### [PROBLEM TO SOLVE]
The copy must hold exactly the lines from the one with "Anti-CAA protest: Vanchit" through the end of the listing below, and nothing else, with no pictures.

### [SOURCE MATERIAL]
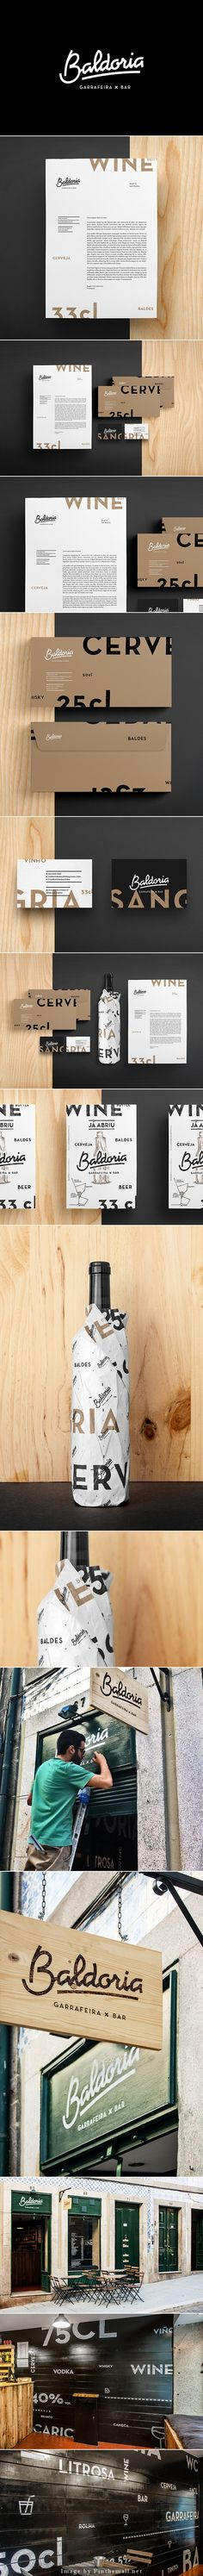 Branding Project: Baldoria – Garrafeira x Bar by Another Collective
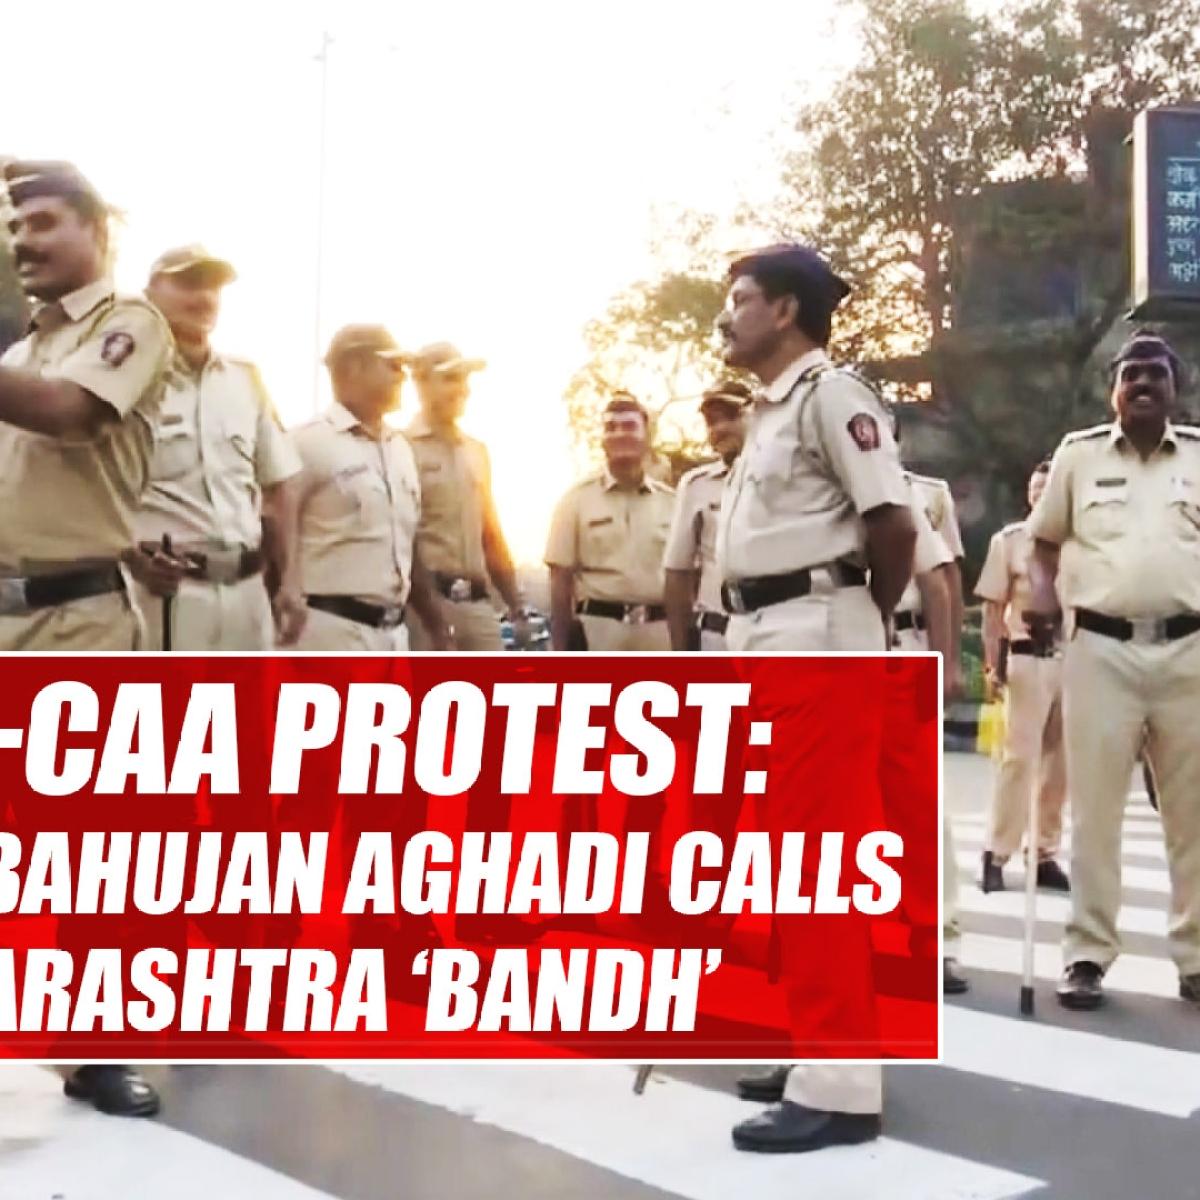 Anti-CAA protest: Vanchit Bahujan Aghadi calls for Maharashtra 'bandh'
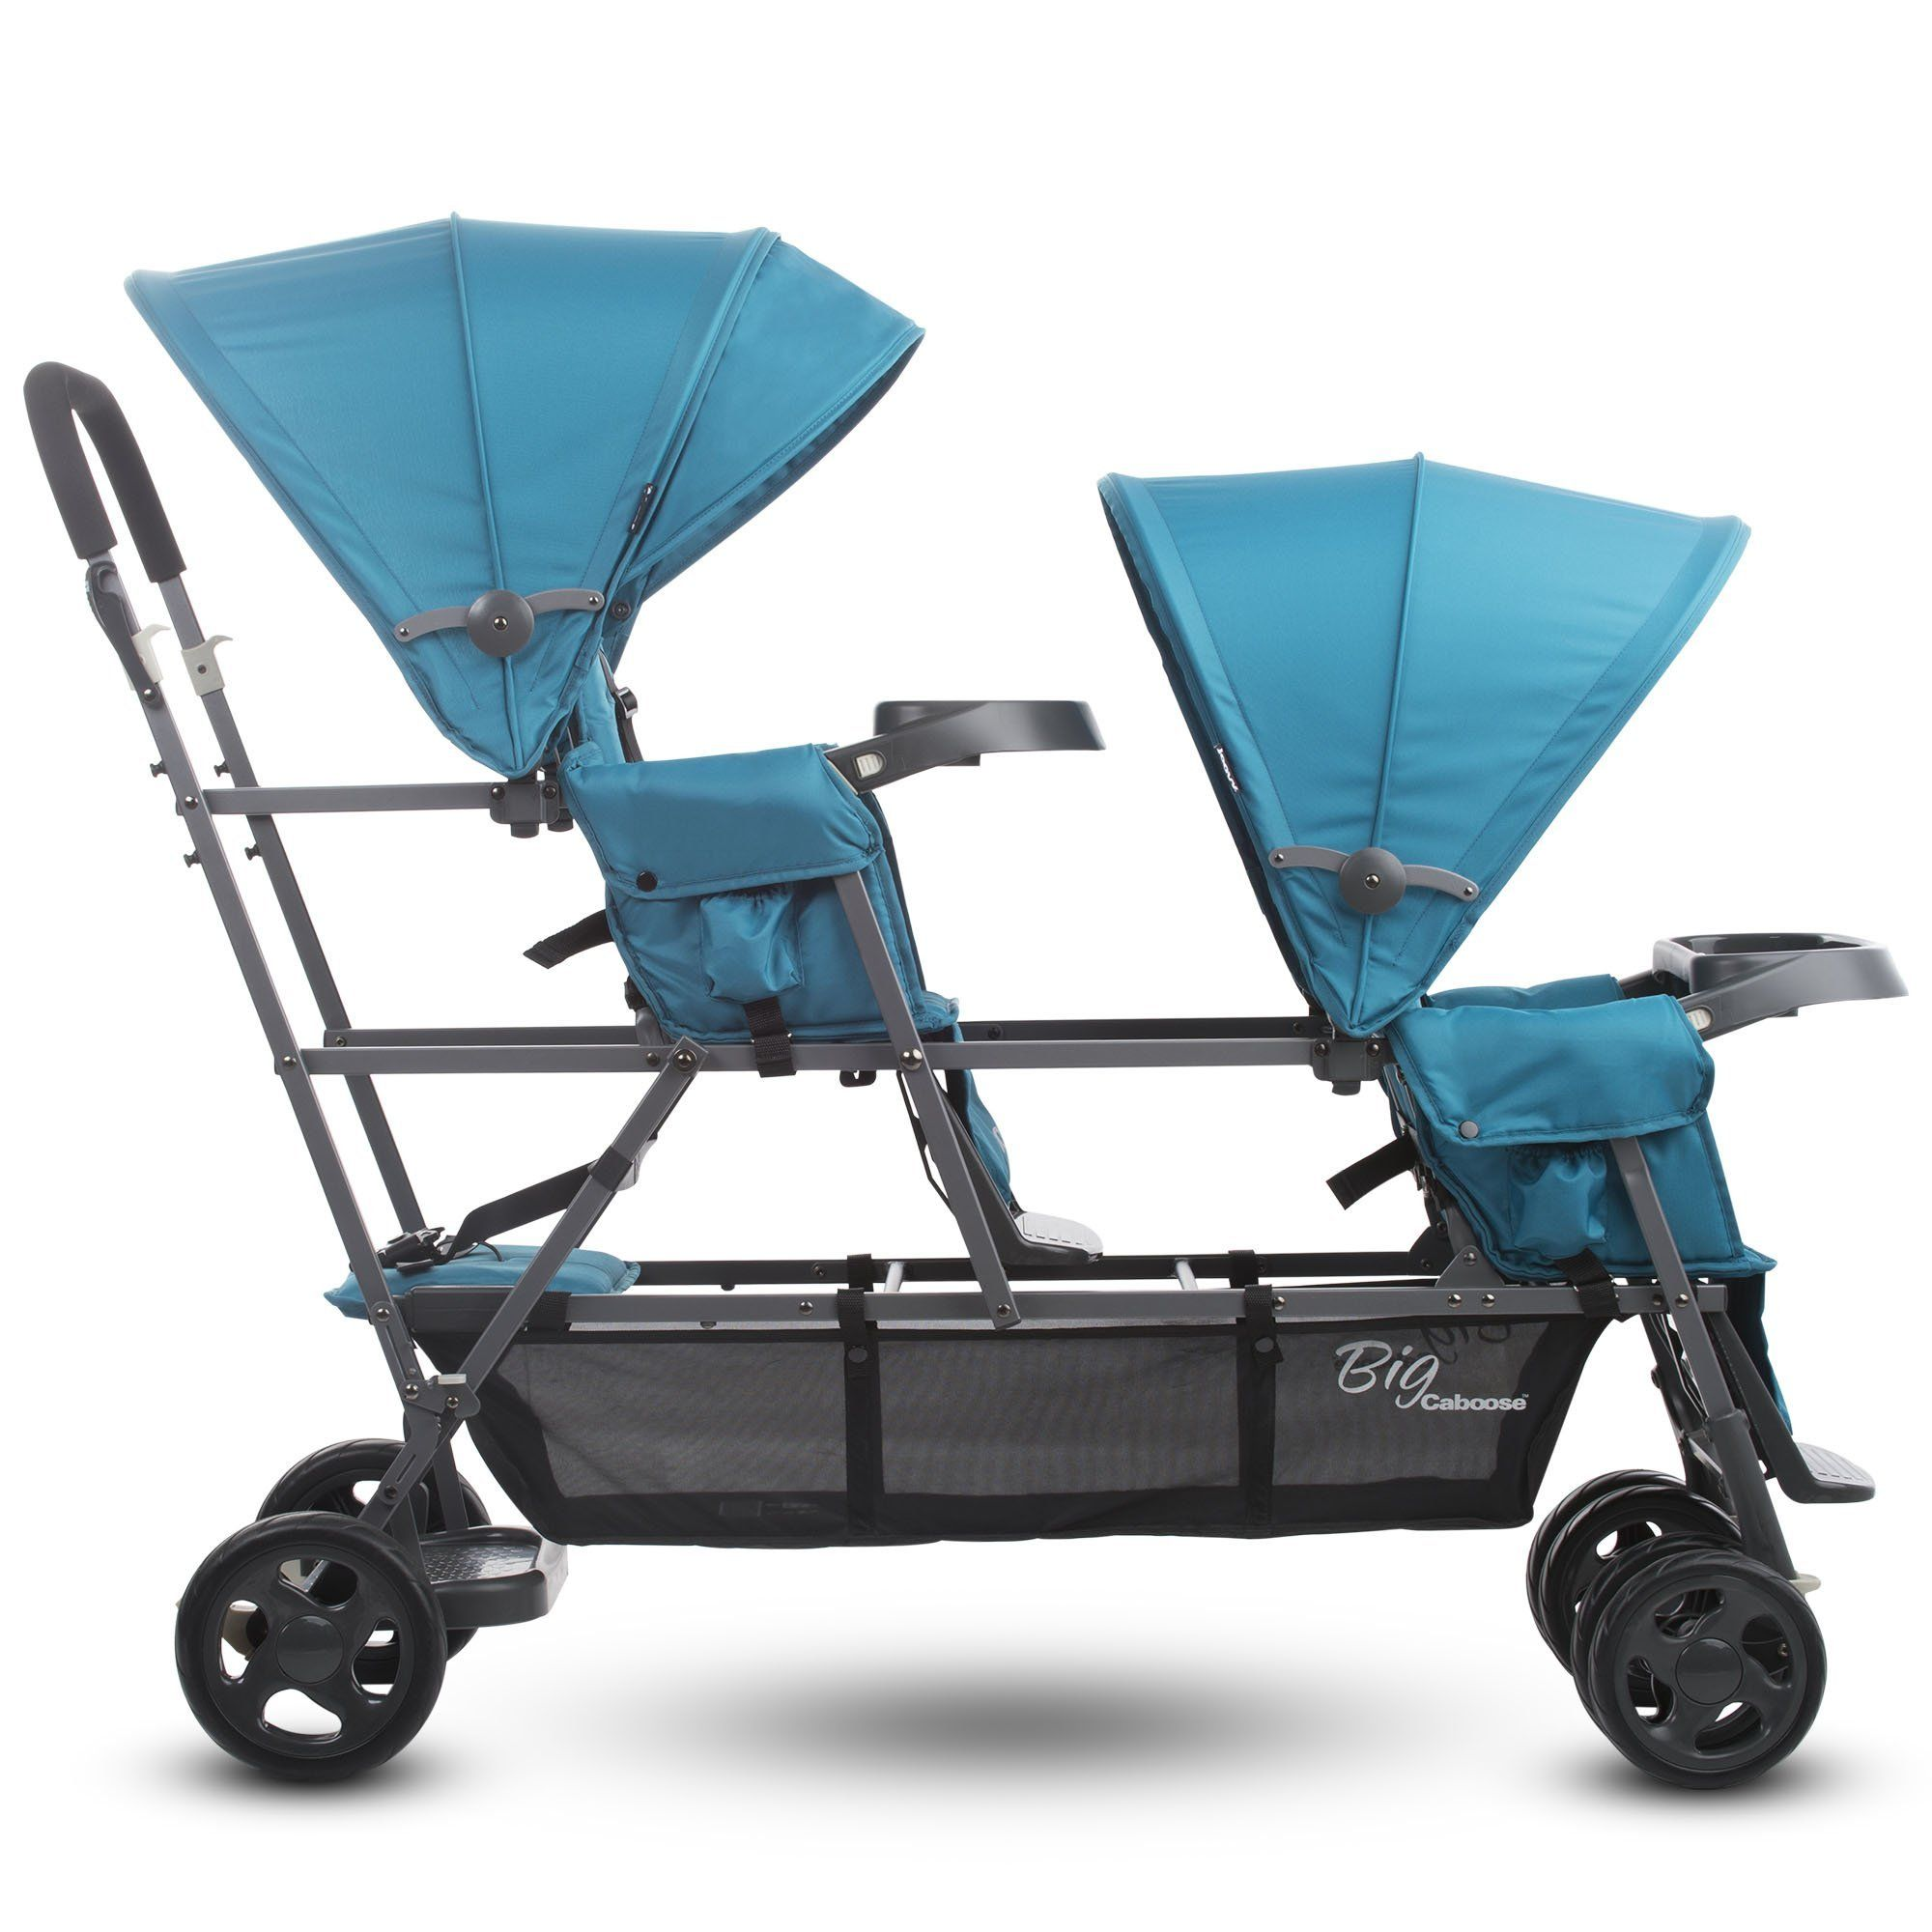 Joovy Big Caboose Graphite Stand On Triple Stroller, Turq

### [RESPONSE]
 Anti-CAA protest: Vanchit Bahujan Aghadi calls for Maharashtra 'bandh'
 Joovy Big Caboose Graphite Stand On Triple Stroller, Turq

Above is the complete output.